- _TASK INSTRUCTIONS_
Reproduce every line of the material below exactly. No pictures belong in the copy.

- _DATASET CONTENT_
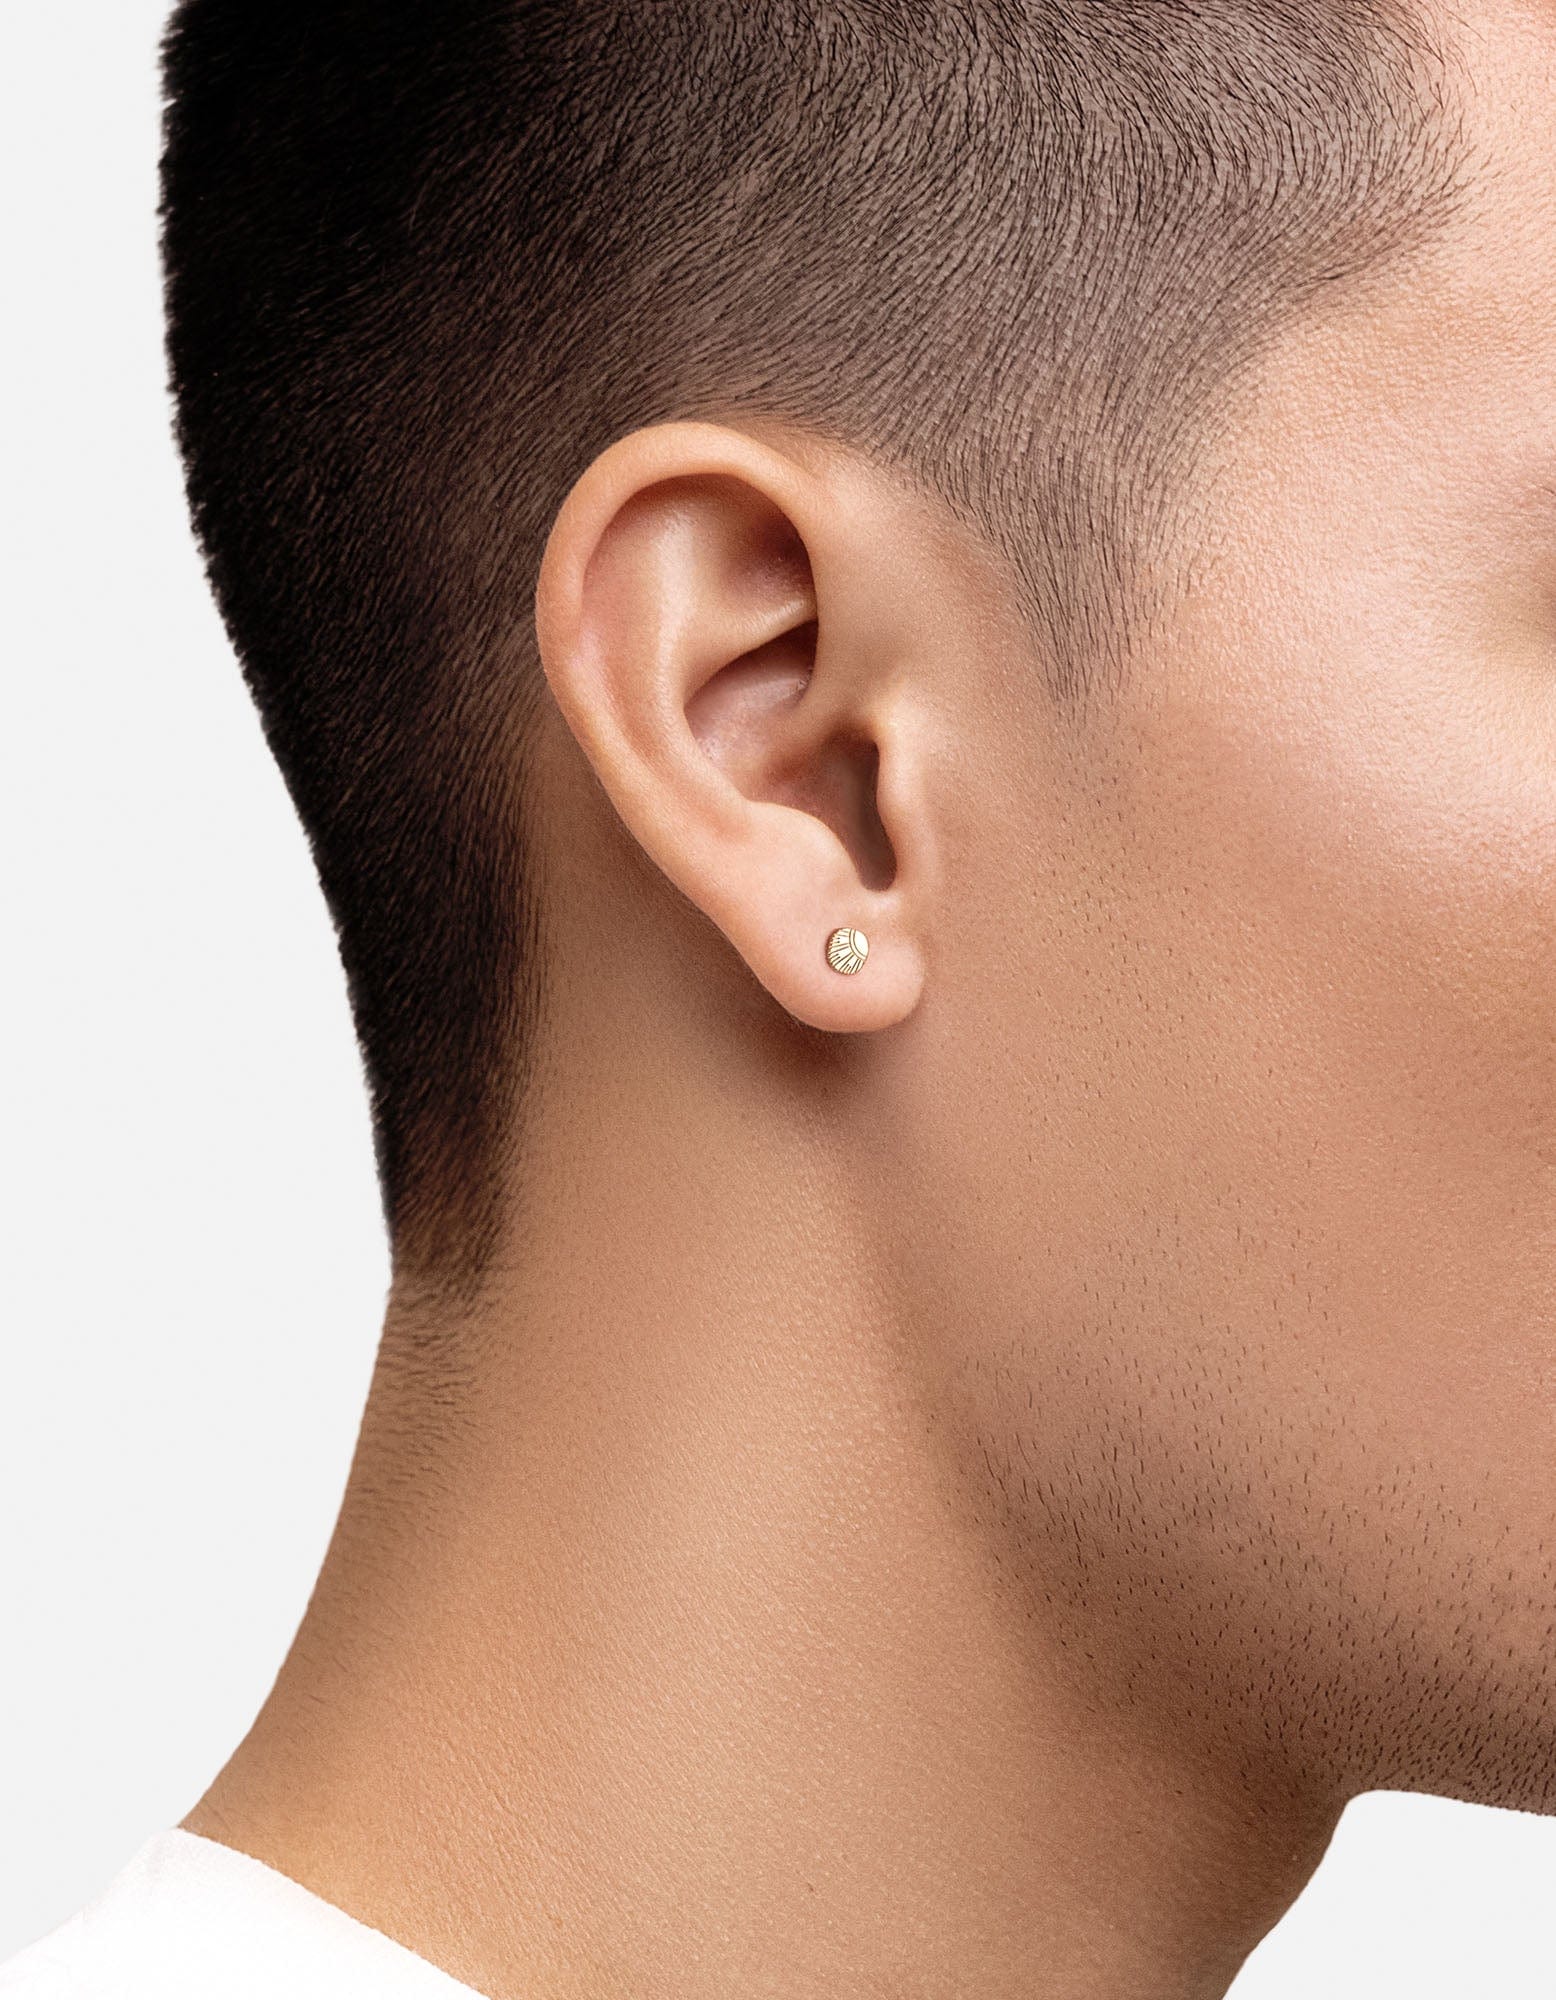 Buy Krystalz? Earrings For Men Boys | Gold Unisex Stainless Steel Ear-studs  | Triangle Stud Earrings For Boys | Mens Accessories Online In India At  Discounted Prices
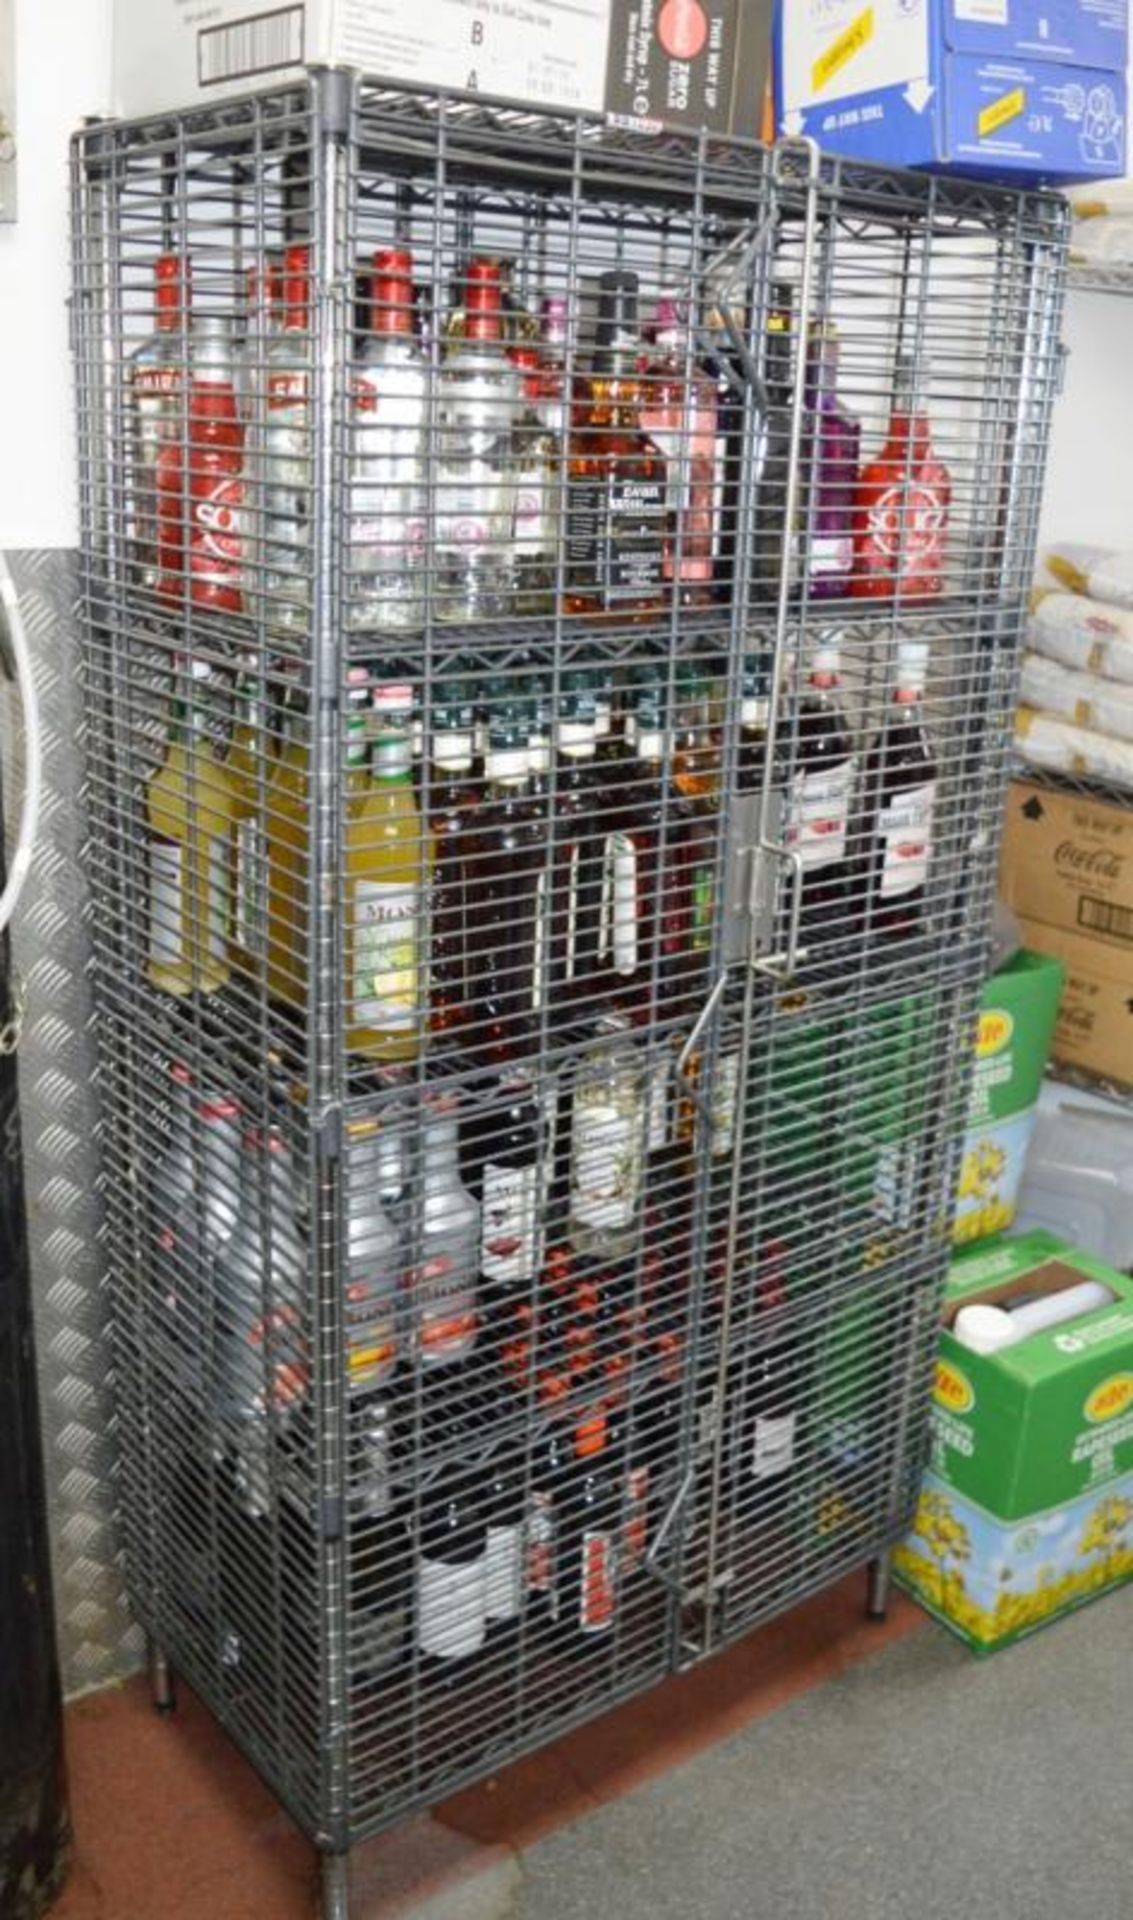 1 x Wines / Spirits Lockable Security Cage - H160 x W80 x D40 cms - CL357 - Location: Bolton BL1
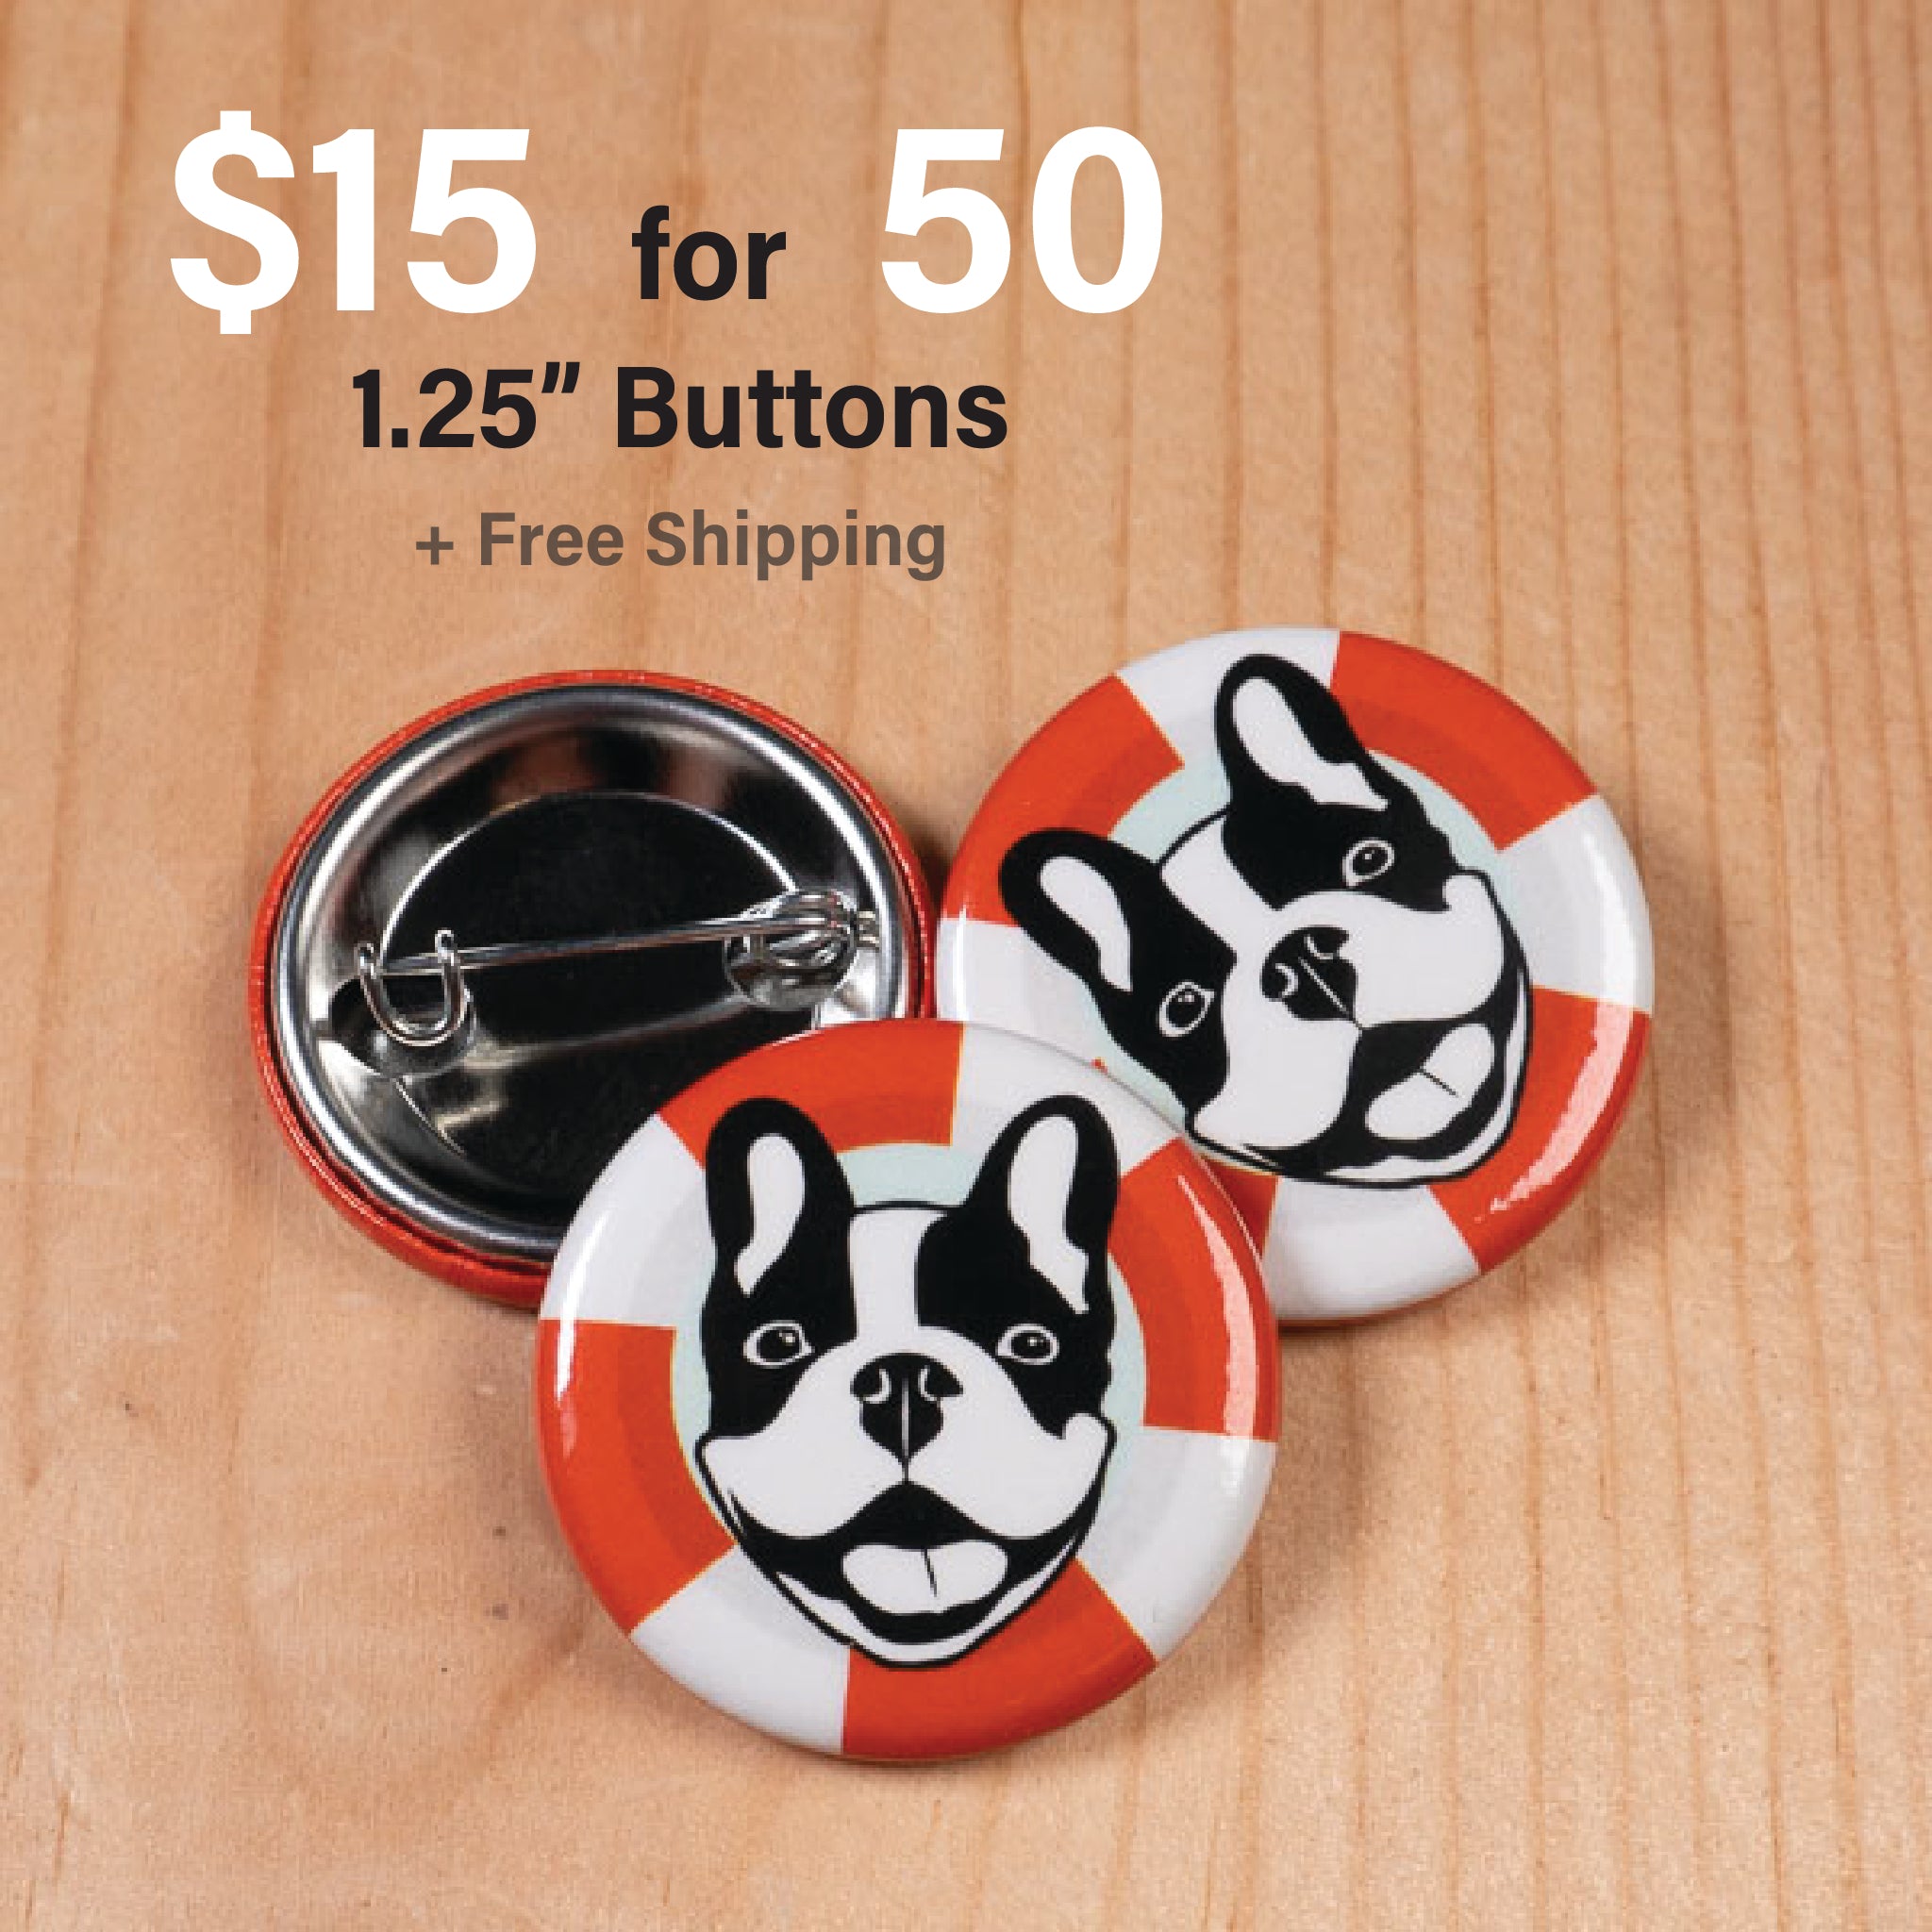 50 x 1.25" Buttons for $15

- _TASK RESPONSE_
 Buy Krystalz? Earrings For Men Boys | Gold Unisex Stainless Steel Ear-studs  | Triangle Stud Earrings For Boys | Mens Accessories Online In India At  Discounted Prices
 1 x Wines / Spirits Lockable Security Cage - H160 x W80 x D40 cms - CL357 - Location: Bolton BL1
 50 x 1.25" Buttons for $15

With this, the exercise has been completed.